Формальности заключались в подписание многостраничных дел и документов. На одной из последних бумажке я должен был подтвердить, что задержание и пребывание в тюрьме были абсолютно законным и то, что я не имею никаких претензий. Адвокат подсказал мне, что, во избежание лишних хлопот, это все равно следует подписать. После этого мне должны были выдать мое имущество при задержании, но, так как я предусмотрительно от всего избавился, меня незамедлительно отпустили на свободу. Адвокат сказал мне, что мы должны еще увидеться, и указал место встречи сегодня же, но немного позже – у него были еще какие-то важные дела. Адвокат казался не живым, слишком механическим. Он меня немного пугал, но я согласился с ним встретиться.
Оказывается, прошло четыре дня моего заточения. Ничего не произошло. Революция не началась. Мир продолжал жить по своим старым и неизменным законам. По всей Империи отмечаются празднование водворение Императора в новую резиденцию. Повсюду были изображения Абсолутоса, рослого мужчины с густыми усами, одетого в императорскую мантию алого цвета, с венцом правителя на величественной голове. Его глаза призывали к любви и доверию.
Люди праздно шатались по нескончаемому городу в поисках развлечений. Я подходил к обозначенному адвокатом месту встречи.
На нижних переходах было мощное движение. Легионы маршировали по связующим мостам между небоскребов в здание имперской администрации.
У ограждений столпились прохожие, чтобы разглядеть, что происходит внизу.
– Их недавно призвали, – говорил один из наблюдавших. – Совсем ещё молодые.
– Война! А с кем воюем? – спросил другой прохожий с искусственной рукой.
– На внешних границах опять столкновения. Говорят, провокации.
«Опять» война с кем скажут. Меня заинтересовала рука второго прохожего.
– Вы разве не участвовали в войнах до этого? – решился я спросить у него, указывая на искусственную конечность.
– Да, увечье я принес с прошлой войны, – сказал ветеран, потрясывая протезом.
– С кем тогда была война?
– Так как же не знать, гражданин, – вмешался тот первый, который пел про «внешние границы». – Тогда была одержана Великая Победа на Дальних Рубежах. Мы освободили мир от ужасного варварства и невежества. Все потомки должны чтить эту Победу.
Знакомая риторика. Мне встречались иногда упоминания о некой Победе в Сети. Но она меня не заботила, я считал это очередной изворот пропаганды, наподобие того восстания гладиаторов.
– Великая была Победа, – сказал бывший ветеран скорбным тоном.
– Такая же, как и ваше поколение, гражданин, – торжественно с пафосом сказал подлиза ветерану.
– Спасибо, я вам благо…
Старики начали обмениваться любезностями, позабыв обо мне.

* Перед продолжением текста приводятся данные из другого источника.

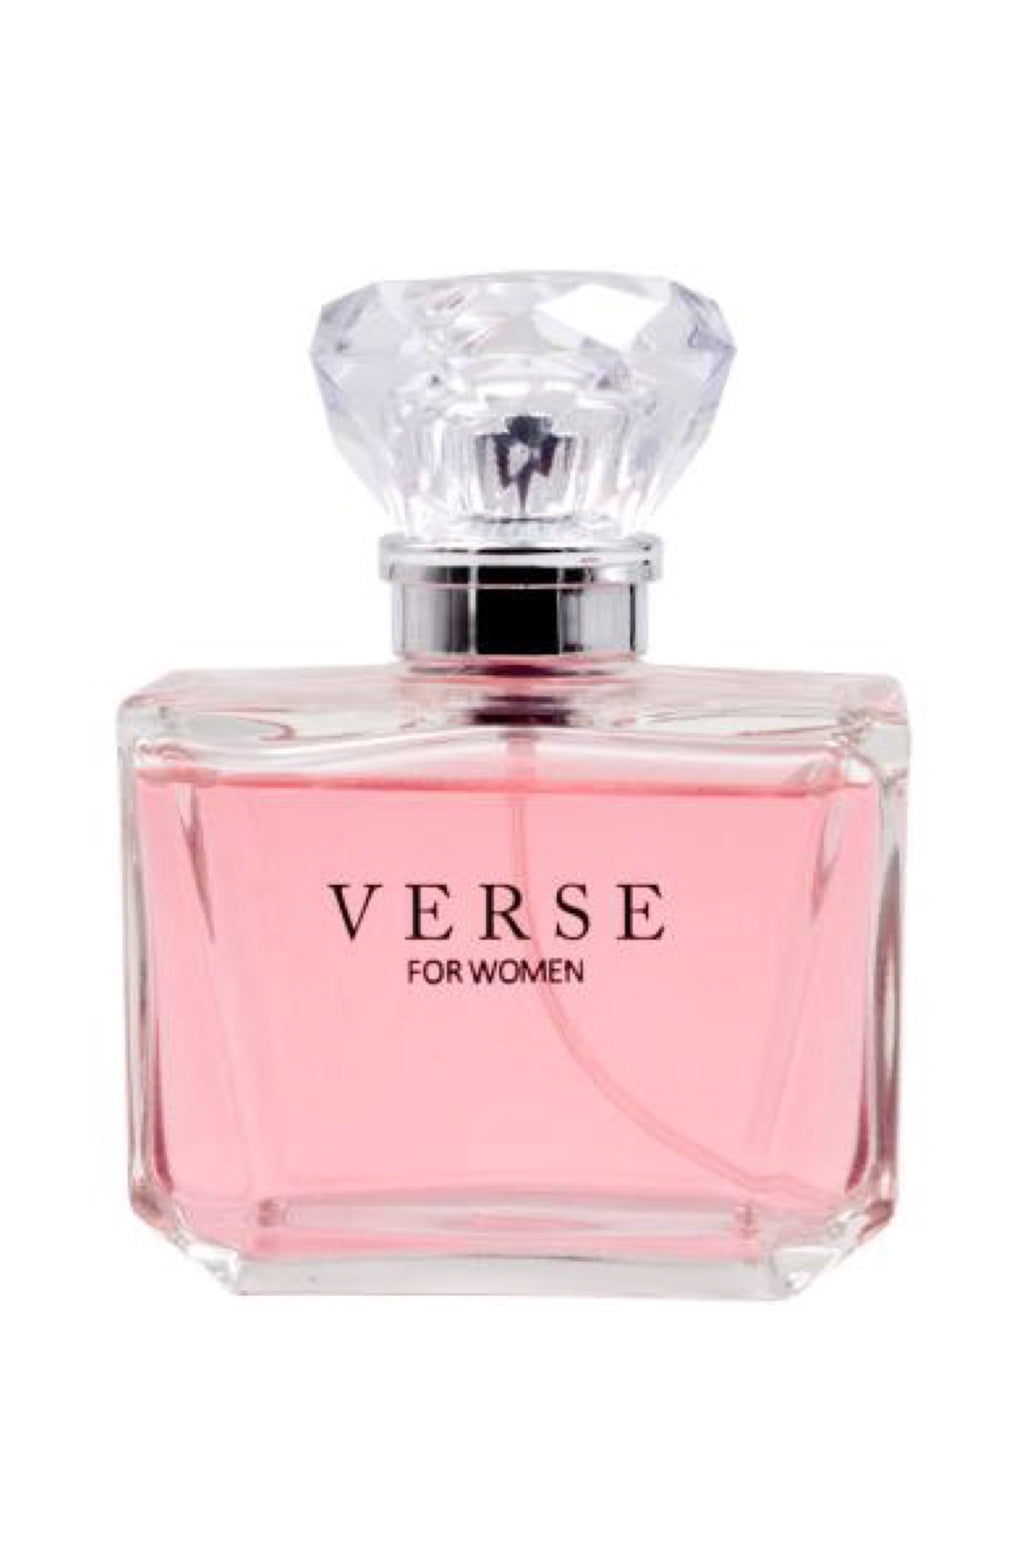 Verse Perfume Bottle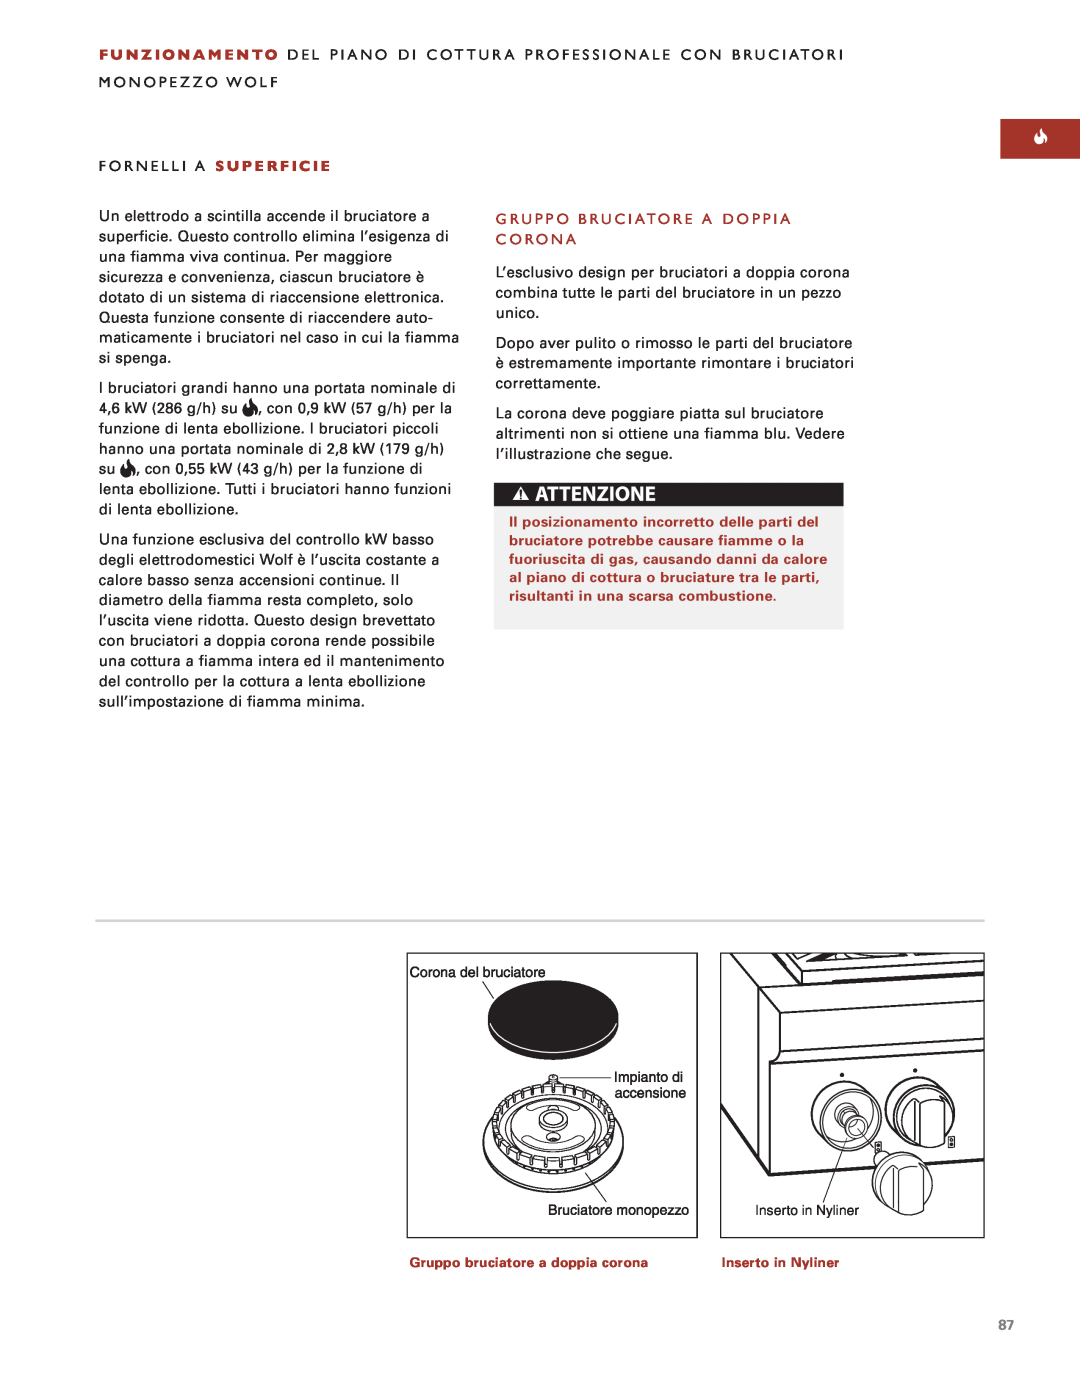 Sub-Zero Sealed Burner RangeTop manual Fornelli A S U P E R F I C I E, Gruppo Bruciatore A Doppia, Corona

Незамеченным, я удалился от них.
Я подошел к парковке аэрокаров, где мы условились встретиться с адвокатом. Темная фигура стояла возле моего «Тумульта». Я подошел.
– По приказу моих нанимателей ваш транспорт был доставлен, – бесчувственно произнесла фигура.
– Я догадывался, что за этим стоит Бюро.
Я осмотрел своего железного коня. Явных следов взлома не наблюдалось.
– Бюро что-то хочет от меня еще? Не зря же освободили. Я думал, что больше проф. не пригоден.
– Осталось довершить то, что начал куратор вашей ячейки, – сказал адвокат, приглашая меня жестом в аэрокар.
Я обошел аэрокар и сел на водительское место. Темный адвокат уже ждал меня за пассажирским местом.
– Начнем с того, что наш куратор – предатель. Вы это должны передать нашим нанимателем. Куратор – бывший центурион. Возможно, произошло внедрение. Дело, которое начал Тит, губительно для всех нас.
Адвокат никак не реагировал на мои высказывания. Через мгновение, обособленным от происходящего тоном, он сказал:
– Тит – проверенное лицо Бюро, прошедшее множественные предварительные испытаний на свою должность. Его работа в Легионе – лишь одно из заданий Бюро.